Ah, Youth, Youth
A college education, once the privilege of the very few, is now being enjoyed by six times as many individuals as was the case during the last generation, recent statistics prove in establishing the fact that enrollment in our colleges, universities, professional and technical schools has jumped 600 per cent. Today 18 per cent of our population of college age is registered at institutions of higher learning. In 1900 a bare 3 per cent enjoyed such advantages.
The figures are significant. Chancellor Chase, of New York University, has pointed out that higher education "has ceased to be a matter of privilege for any class or group; it has become an opportunity for the many. And it bids fair to remain such an opportunity."
With the influx of youth to advanced educational institutions there has come a demand for a wider definition of the liberal education. Investigations by a government survey indicates that the average number and variety of courses offered today, compared with those of 25 years ago, is 500 per cent greater. And, in proportion, the range and variety of opportunities open to the average graduate are far more extensive today than was true 25 years ago.
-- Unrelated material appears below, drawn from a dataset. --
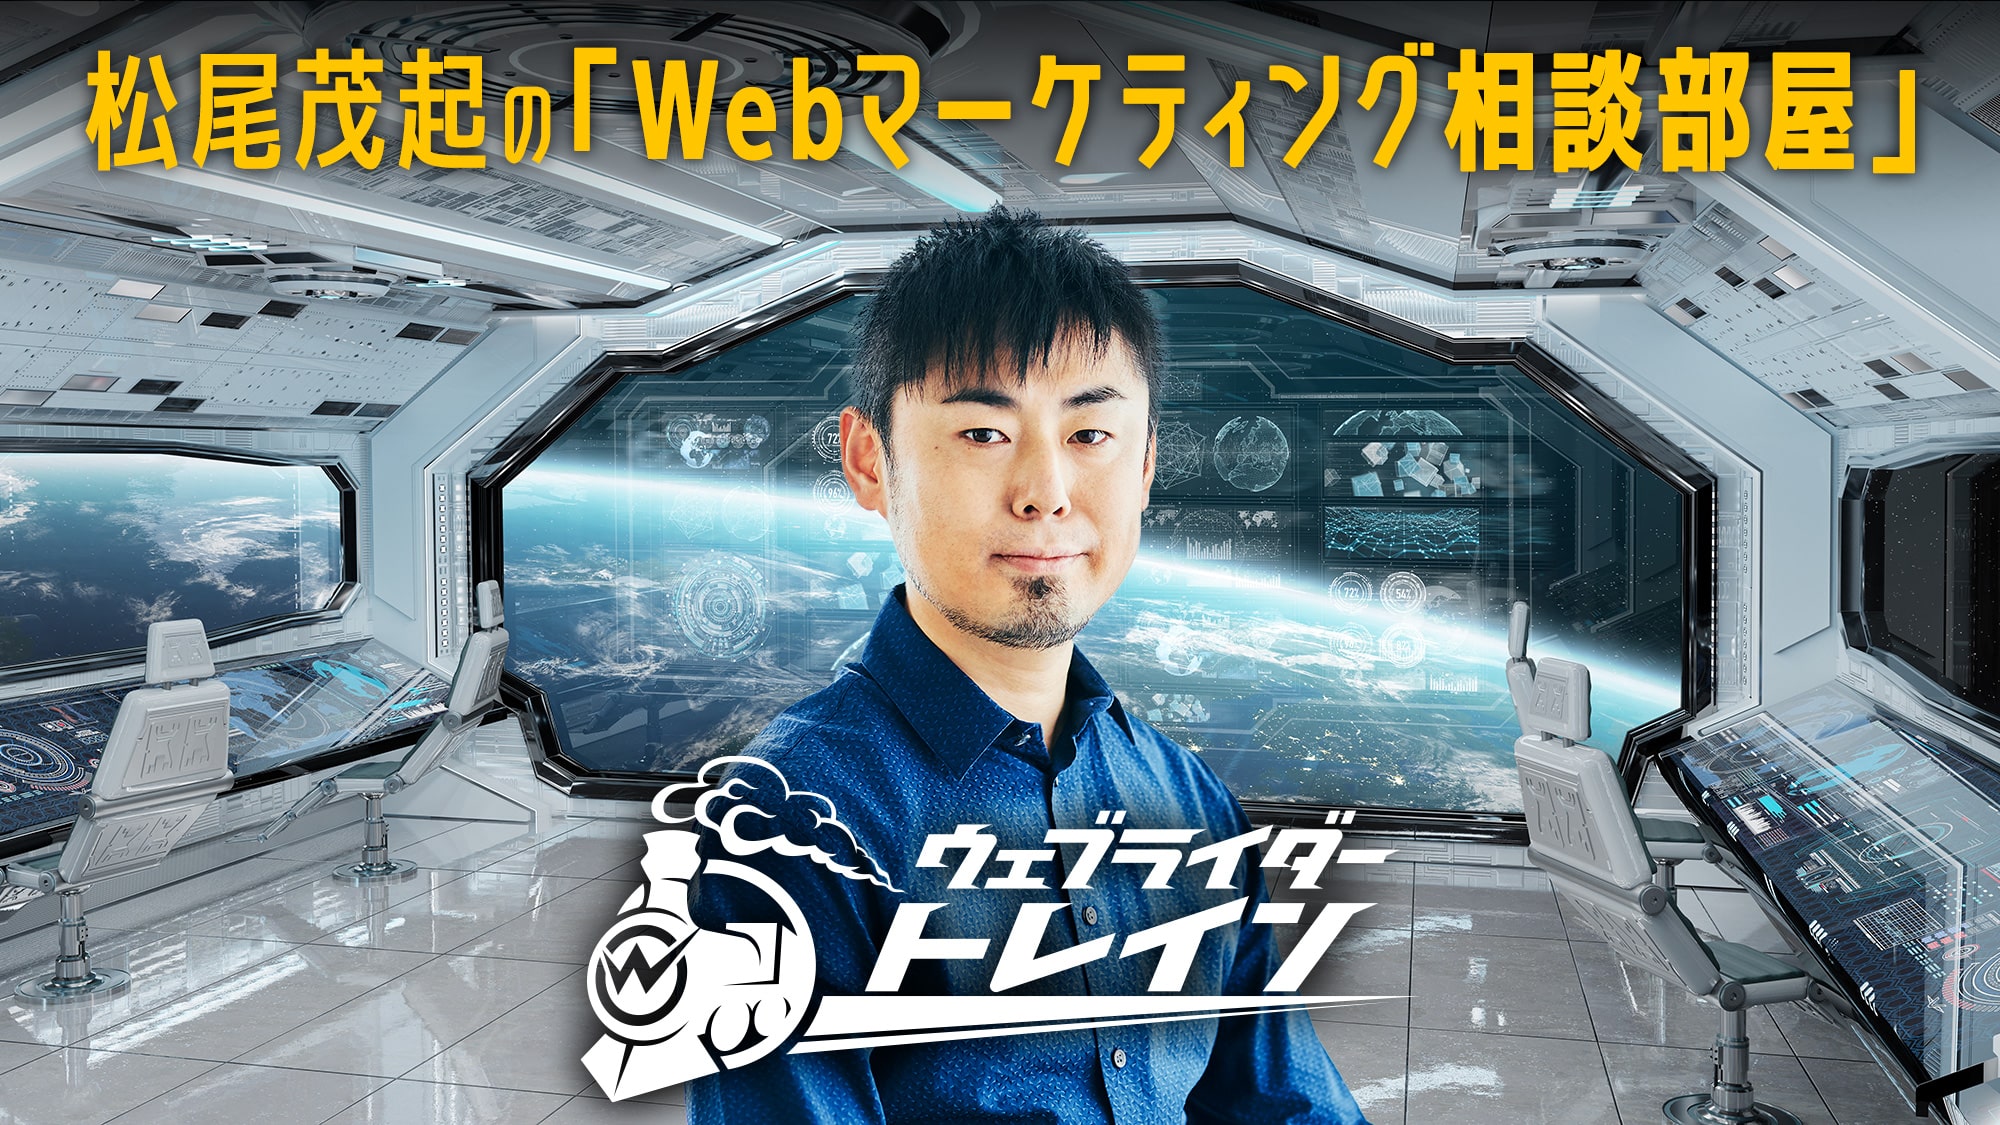 松尾茂起のWebマーケティング相談部屋のアイキャッチ画像
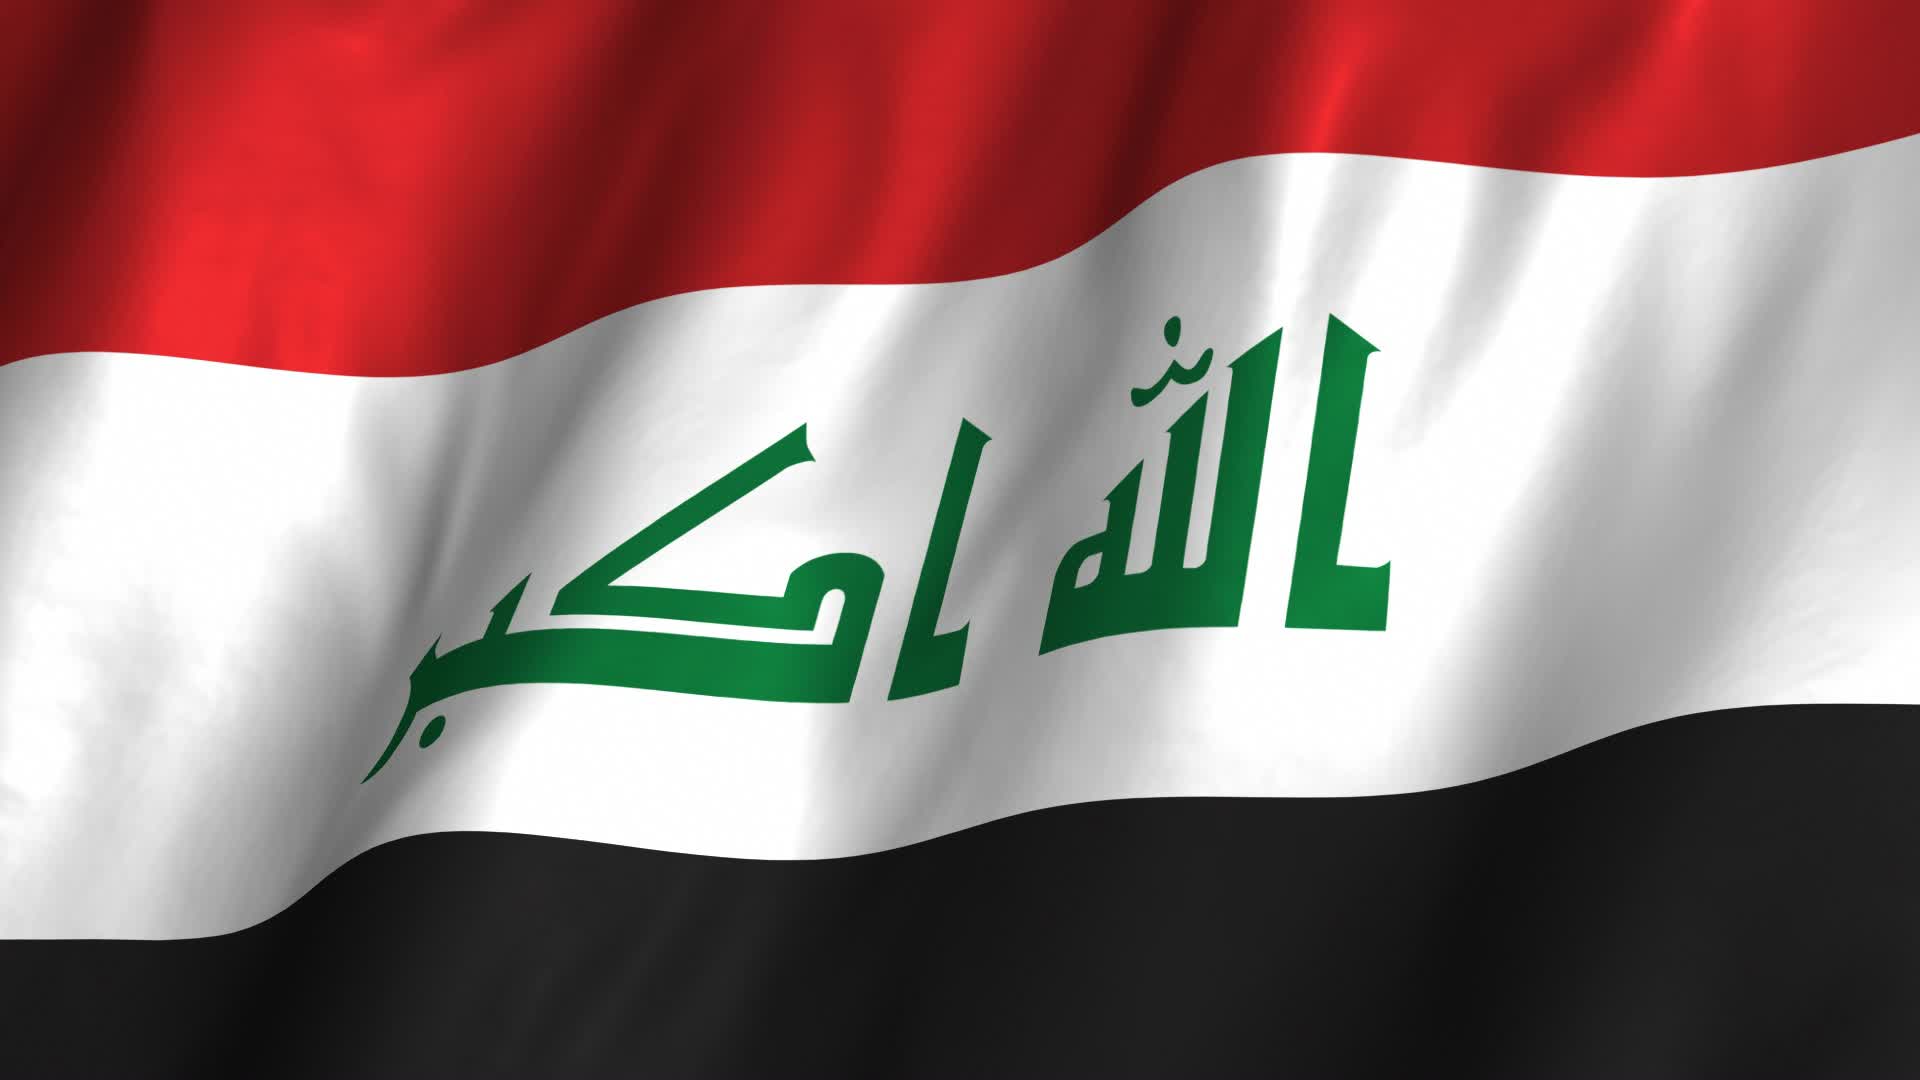 صنع السلام وإرساء ثقافة اللاعنف في العراق بعد هزيمة الإرهاب

On the whole, our institutions of higher learning have kept pace with swift-moving progress. Here and there appear isolated charges to the contrary, as for example, the recent attack on the Harvard engineering school. In the continuous extension of higher education -- liberal and technical -- to greater numbers of American youth lies one promising route to this country's salvation. A college education is not longer, as in the last decade, a privilege -- modern youth has found it an essential factor toward success. --The Dartmouth.